My low carbon website building method and process has followed this pattern. Two years ago I started to focus on building low carbon websites using sustainable web design methods. Since then I’ve been learning and iterating towards a method that I’m happy with.

In the last couple of months I’ve made some breakthroughs in how I build low carbon WordPress sites. These have allowed me to further reduce the page weights of the sites I’m working on.

These discoveries have coincided with a need to change what I offer on my own site and how I talk about what I do. I found myself with a bit of time to revamp my website to be more engaging and lighter weight, and after a few weeks of coding, collaborating and iterating, my new site is here.

Putting my website on a diet

At its heaviest, my old landing page was 876.52kbs on first load. While this is much lower than the global average of 2292kbs (data from September 2022) it’s still much higher than I’d like.

When I tested the new page this morning, it came in at 88.83kbs which is a nudge under a 90% reduction compared to Sitegeist 1.0.

How building a low carbon website reduced my page weight.
Results from (built by Chris Butterworth)

How I reduced the size of my landing page

Before going into any technical details, I changed the way the page is designed. Keeping the layout and sections super simple and clear, I focused on the following core messages:

  • who I am
  • what I do
  • why I do it
  • what it costs
  • how to contact me

After that, I concentrated on a clean, clear design with easy to read copy and a high level of accessibility.

The geeky bit

As I’ve said in my articles recently, the main areas you can focus on to reduce page weight tend to be media (images and videos), fonts, scripts and if you’ve got the skills, coding.

Images and media

I’ve kept the images on the site to a minimum and optimised them before uploading them to the media library using the ImageOptim app. The images are then served to the browser in as small a file size as possible using WebP express. This means the images display as a .WebP file where the browser supports the format and the file size loaded is reduced.

A big thanks to Nick Lewis for his advice on this topic!


In web design you have two choices when it comes to fonts: custom fonts and system fonts. Custom fonts come from places like Google, Adobe or commercial font repositories. The fonts are either loaded from the servers of the original source (Google and Adobe fonts often work like this) or from files on your sites’ server. Regardless of how the font is loaded, it adds weight to the page.

System fonts are widely supported fonts that are preloaded onto devices. Think Arial, Times New Roman, Georgia, Helvetica etc. If a site uses one of those fonts for its headings and copy, the device the site is being viewed on doesn’t need to load a font from somewhere else. The font is already available and less data is required to load the page.

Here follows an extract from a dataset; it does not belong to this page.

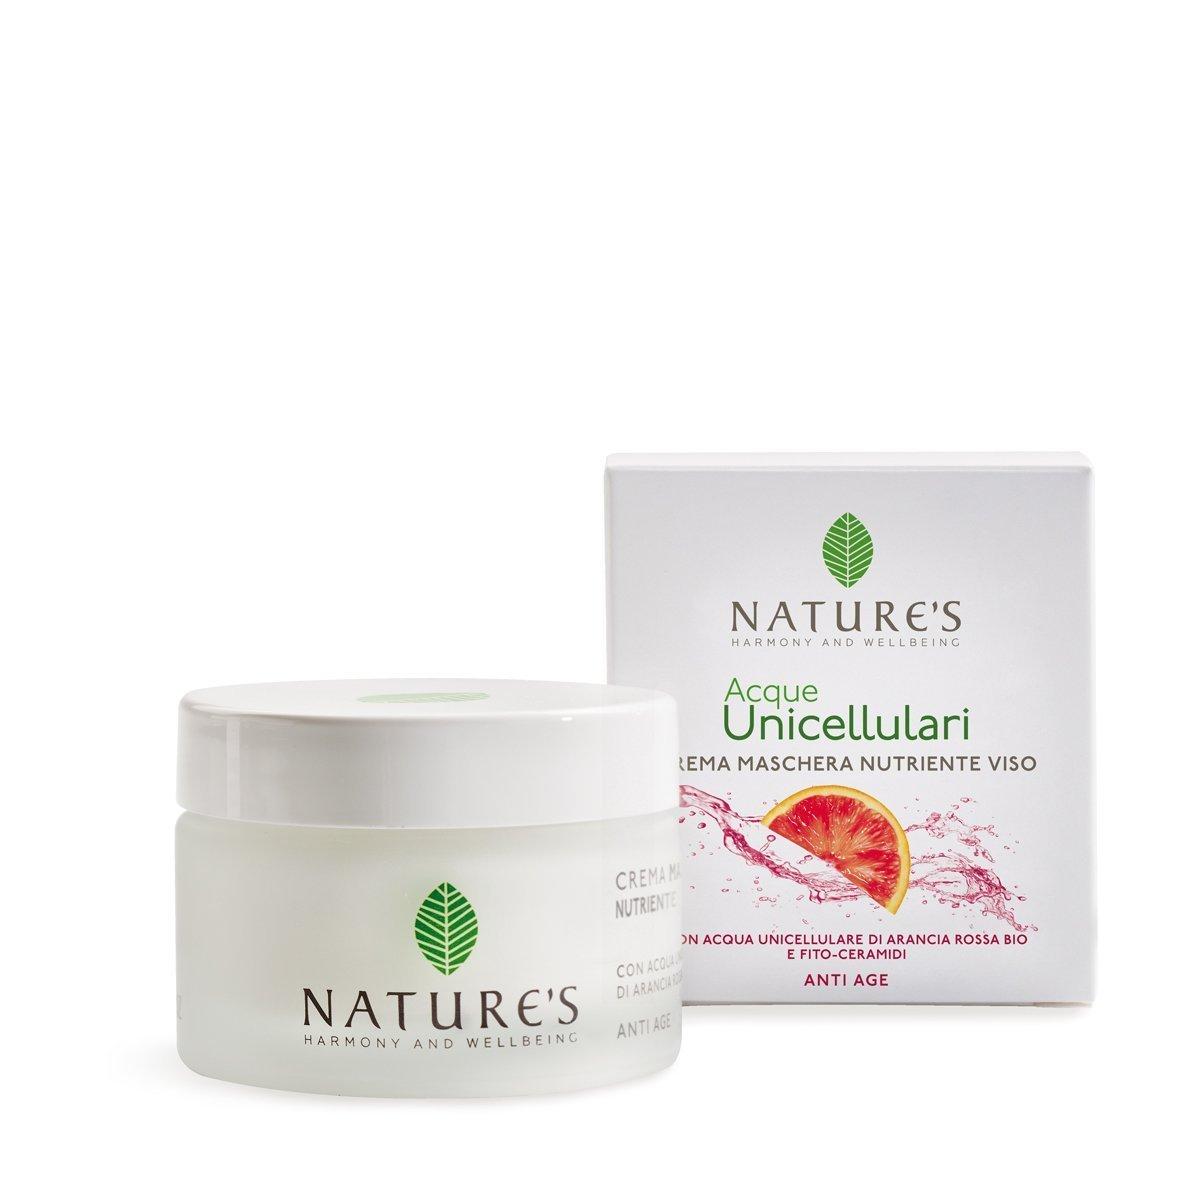 Crema Maschera Nutriente Viso Acque Unicellulari 50 ml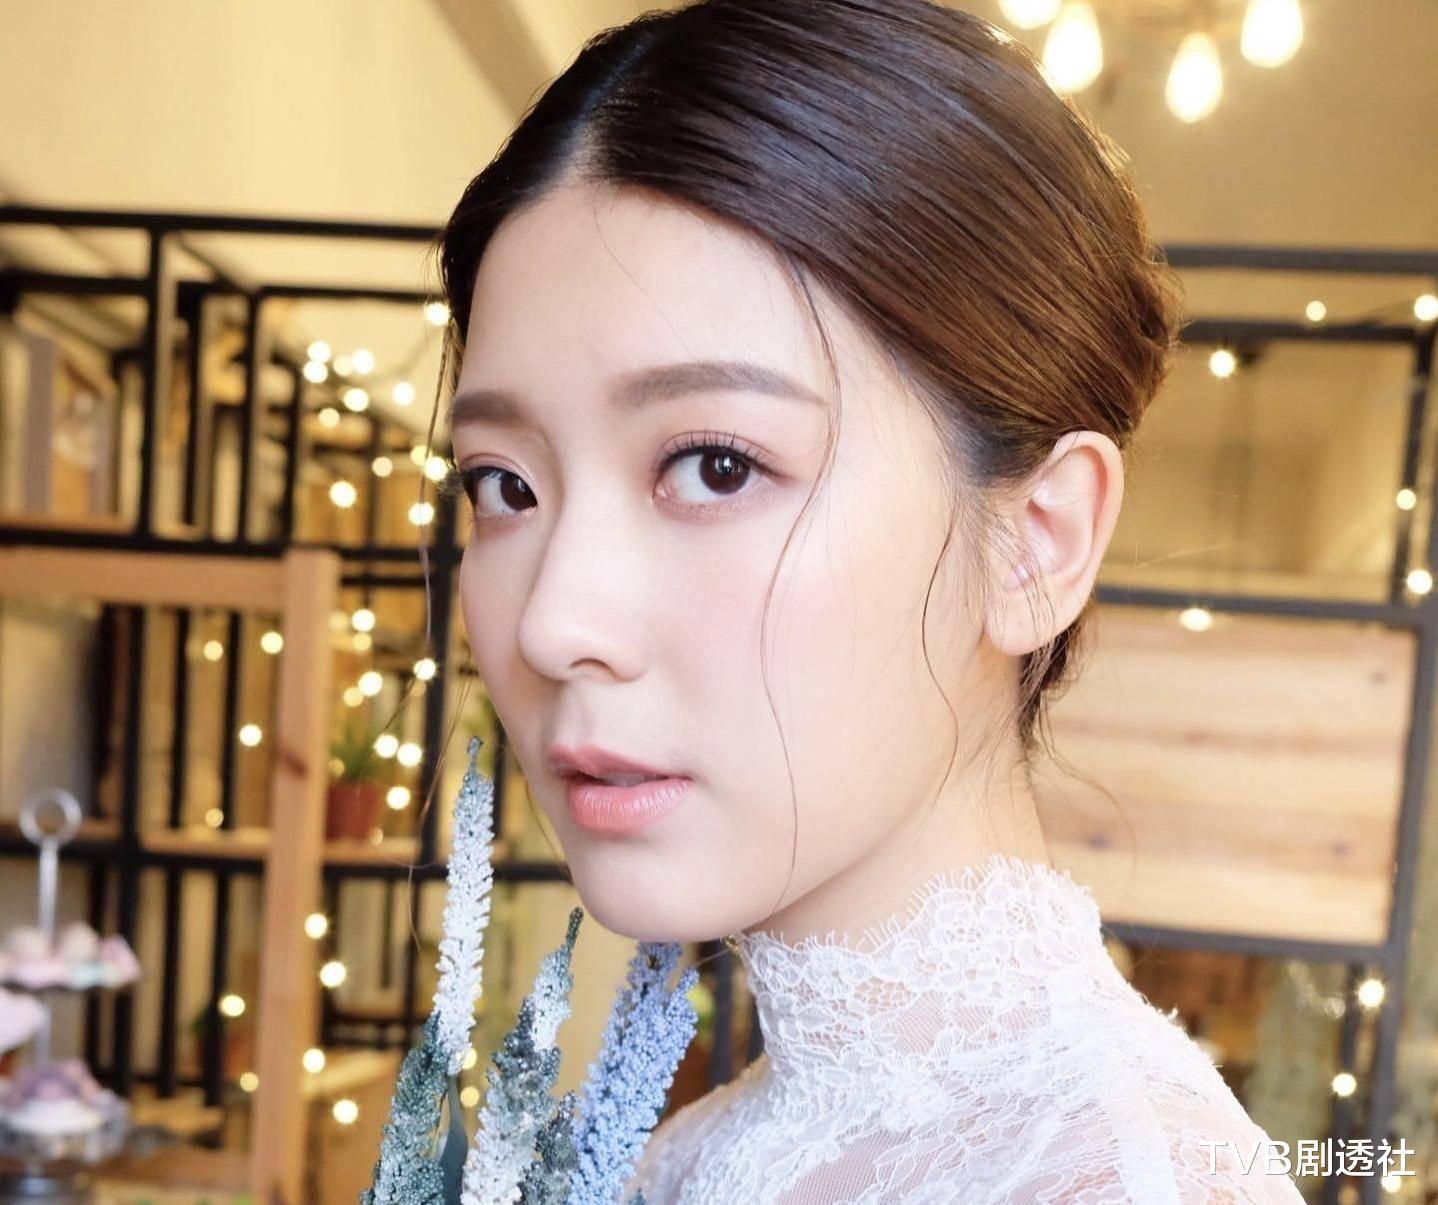 27歲香港著名女星被曝未婚先孕,並將趕在下月登記結婚-圖4

Here I’ve used a system font stack, offering Helvetica Neue as the first font in the cascade. This means that the font displayed when you view the page is coming from your device and not downloaded from elsewhere. If a device doesn’t have Helvetica Neue preloaded, the device looks at the next font in the stack until it finds one it has.

It speeds up load times without sacrificing legibility or aesthetics.


Or in this case a lack of scripts. I often use Javascript to add scrolling and fading effects to a page, add Google Analytics tracking codes and other scripts to take care of additional functionality.

On this site I’ve used only CSS and HTML code to make the site look and act as it does. The only scripts running are very lightweight and relate to things like the WebsiteCarbon widget and cookie banner.


Not all of the design decisions I’ve taken are suitable for other sites. A custom font can be vital for brand identity and impact. Additional images can make a site more visually appealing and effective. Scripts can make sites more impactful and interactive.

In my case, I wanted to strip the site back to just what is strictly necessary. A site that is lean and efficient without being boring and plain.

I hope I’ve struck the right balance for the site owner (that would be me), my clients (it could be you?) and my major stakeholder (our bloody lovely planet).